Alerts fire. Annie investigates. Root cause and remediation land in the incident channel before the on-call engineer has finished joining the bridge.

The investigation correlates infrastructure changes, monitoring data, and dependencies across AWS, GCP, Kubernetes, Terraform, and your monitoring stack. No console-hopping. No tab-jumping.
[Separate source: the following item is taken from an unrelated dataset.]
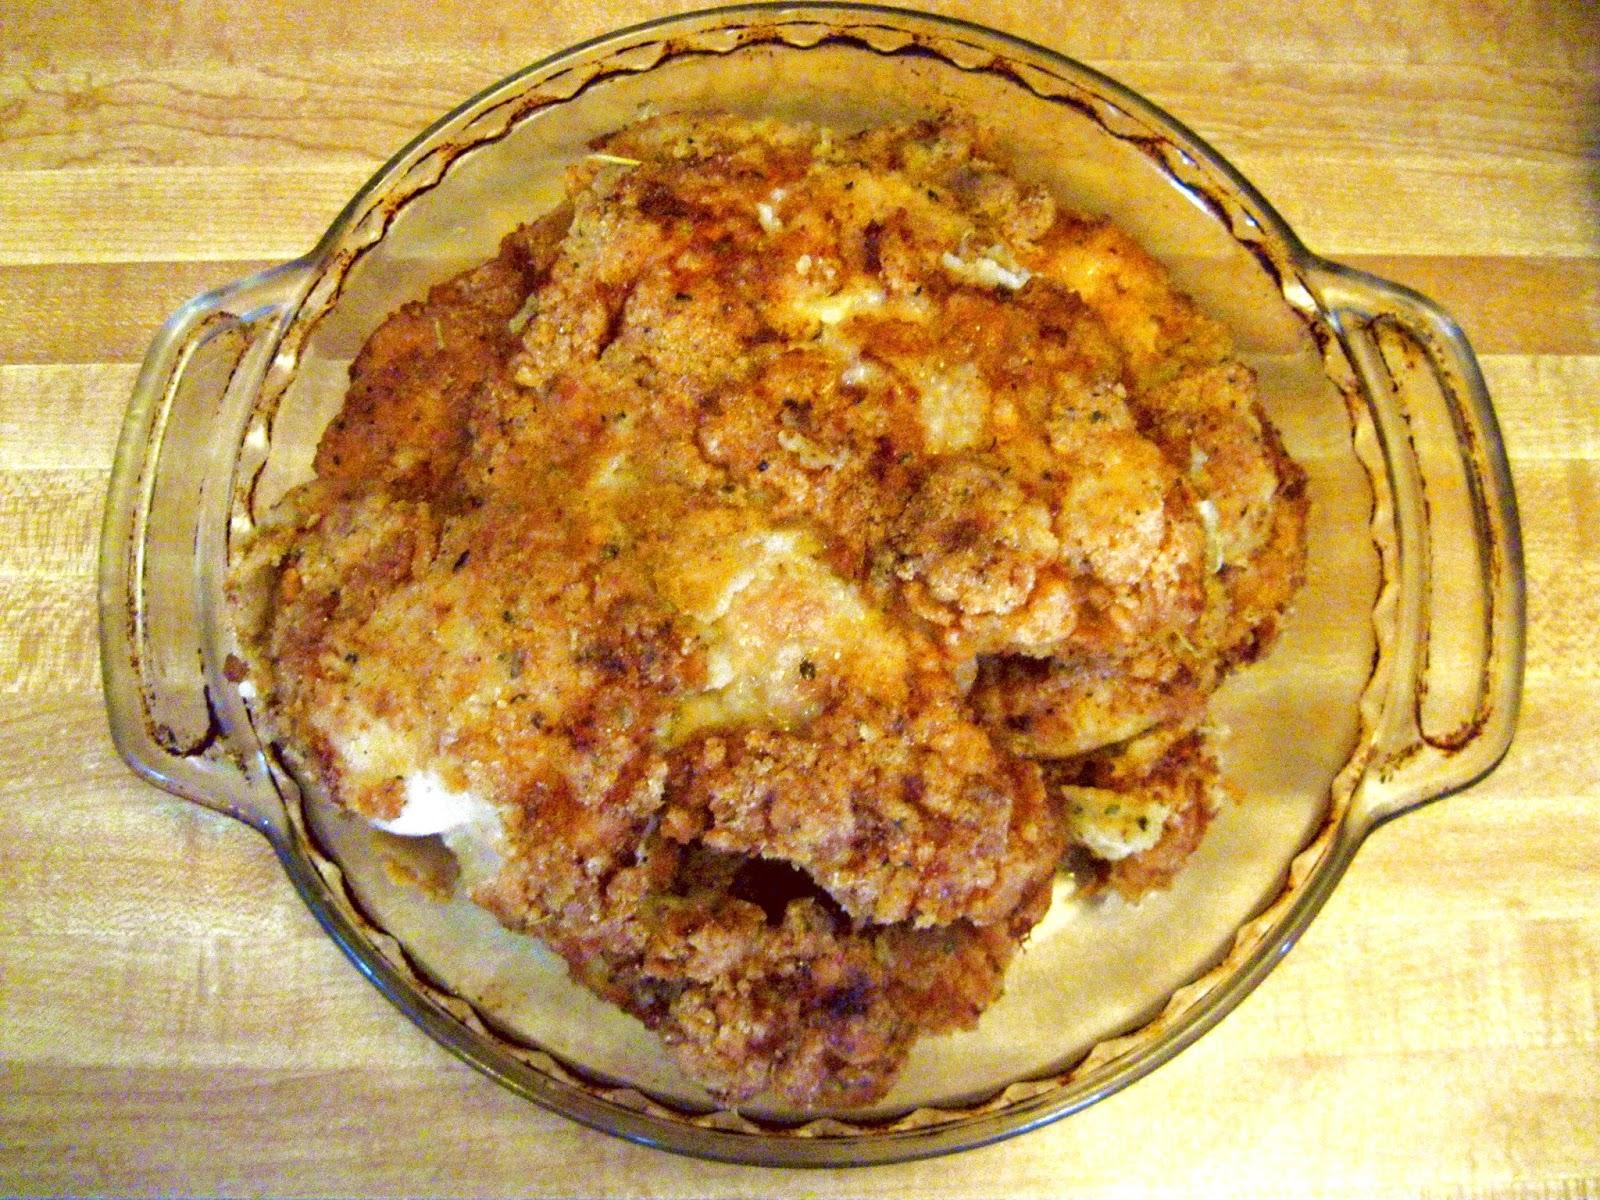 photo by sookietex of sookietex' Gluten-Free Fried Boneless Skinless Chicken Thigh Recipe
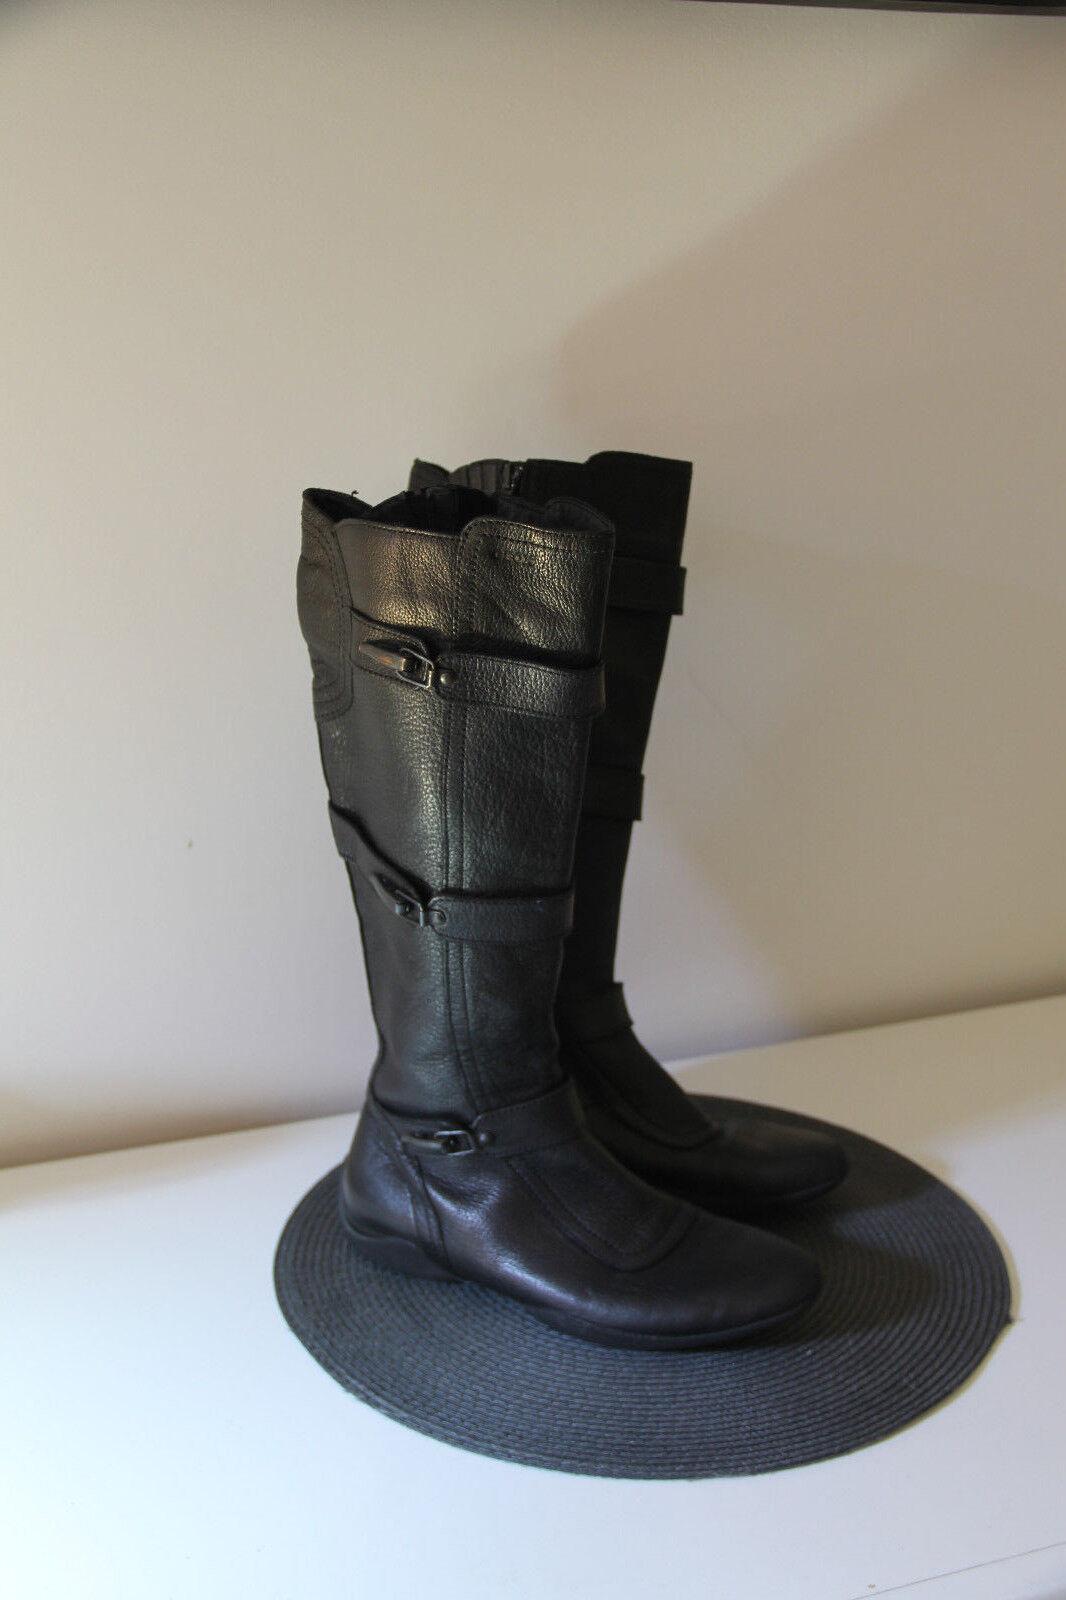 Pretty Stiefel flat schwarz Leder Leder Leder zipped winter GEOX Größe 38 8b5433

## Slack channel registration

<Steps>
  <Step title="Register Annie on your incident channel">
    In your Slack incident channel, run:

    ```bash theme={null}
    /register_annie_on_call @your_bot_name
    ```

    **Example:** `/register_annie_on_call @Datadog`
  </Step>

  <Step title="Wait for an alert">
    When an alert fires in your channel, Annie automatically picks it up and starts the investigation.
  </Step>

  <Step title="Get root cause and fix">
    Annie analyzes the alert, correlates with your infrastructure, and provides the root cause with actionable remediation steps.
  </Step>
</Steps>

<Tip>
  Want to customize how Annie responds to specific alerts? See [Automation](/pages/product/customization/instructions).
</Tip>

## Alert ingestion sources

Annie investigates incidents originating from four channels:

<CardGroup cols={2}>
  <Card title="PagerDuty" icon="bell" href="/pages/integration/pagerduty">
    Automatic RCA when incidents are created. Results posted as incident notes.
  </Card>

  <Card title="Incident.io" icon="triangle-exclamation" href="/pages/integration/incident-io">
    Webhook integration for automatic RCA. Results posted as comments.
  </Card>

  <Card title="Slack" icon="slack" href="/pages/product/integration/slack">
    Mention @Annie with incident details for on-demand investigation.
  </Card>

  <Card title="MCP Tools" icon="robot" href="/pages/product/integration/remote_mcp">
    Trigger RCA from your IDE during development.
  </Card>
</CardGroup>

## How it works

Investigation runs against the versioned [knowledge graph](/pages/overview/knowledge_graph) of your stack, where every IAM update, Helm rollout, Terraform apply, and merged commit is a node. "What changed in the last 24 hours that touches the payment-service deployment chain?" resolves as a graph diff, not a manual hunt across CloudTrail, kubectl, and git logs. When an alert fires, Annie posts the result back to the incident in about 30 to 90 seconds.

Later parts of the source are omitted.